Humans a Major Natural Disaster

Distinguished Professor of Zoology at Oregon State University, Jane Lubchenco, says human activities are now on a par with natural disasters as major forces of nature. Currently at Canterbury University, Lubchenco says humans have unwittingly caused changes to the Earth's systems that are unforeseen, unwanted and undesirable.

Lubchenco recently presented the findings of a US National Science Foundation report that reveal major new environmental research directions for the US. Human activities have transformed 50% of the Earth's surface, changed the Earth's atmospheric chemistry by increasing carbon dioxide emissions and doubled the amount of nitrogen entering the natural cycle. Increases in carbon dioxide are a likely contributor to global warming; excess nitrogen in coastal waters is suspected of causing rapid increases in many harmful algal blooms and causing "dead zones". Now numbering 50, over half of these "dead zones" have appeared in the last 10 years.

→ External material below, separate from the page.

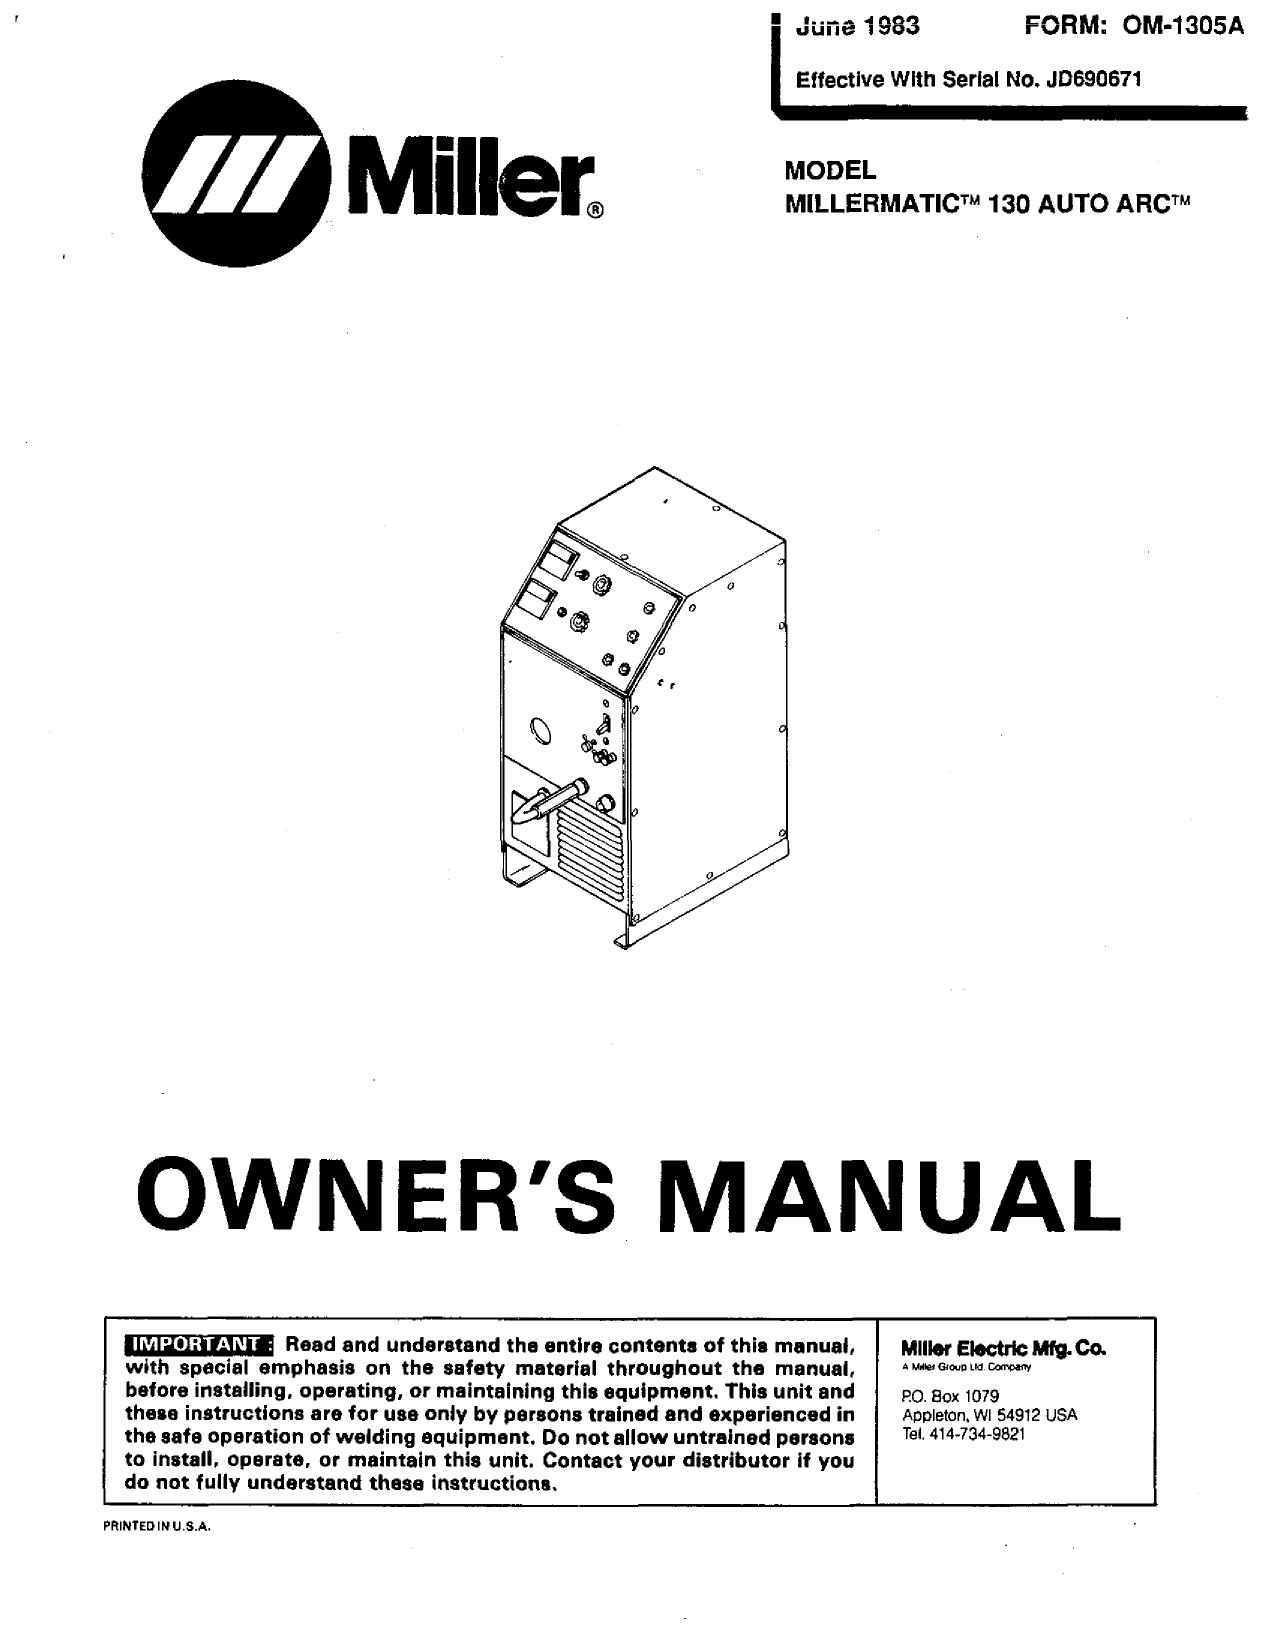 Miller Millermatic 130 Auto Arc User Manual Manualzz

"The environmental changes we are seeing today are fundamentally different from anything in the past -- the rates of change are faster, the scales are bigger and some changes are absolutely new, like the effects chlorofluorocarbons have had on the ozone in the upper atmosphere," says Lubchenco.

She believes these changes are due to a combination of explosive population growth and unsustainable environmental exploitation and waste generation. Lubchenco also believes that better understanding of the connections between actions and effects will facilitate more sustainable actions.The report recommends that the US spend an additional US$1 billion annually on environmental sciences.

"Good, solid scientific information about the environment should inform our decisions and actions," she says.

"These issues are having a global impact and we need to understand what's happening so we can figure out how we can do things differently, to stabilise human population rates and moderate activities so we have less of an impact on the systems we depend on."

"It's important for governments to invest in science and fundamental research so countries and citizens have better information for decision-making. Scientists also need to do a better job at communicating timely, useful and understandable information at a national and international level."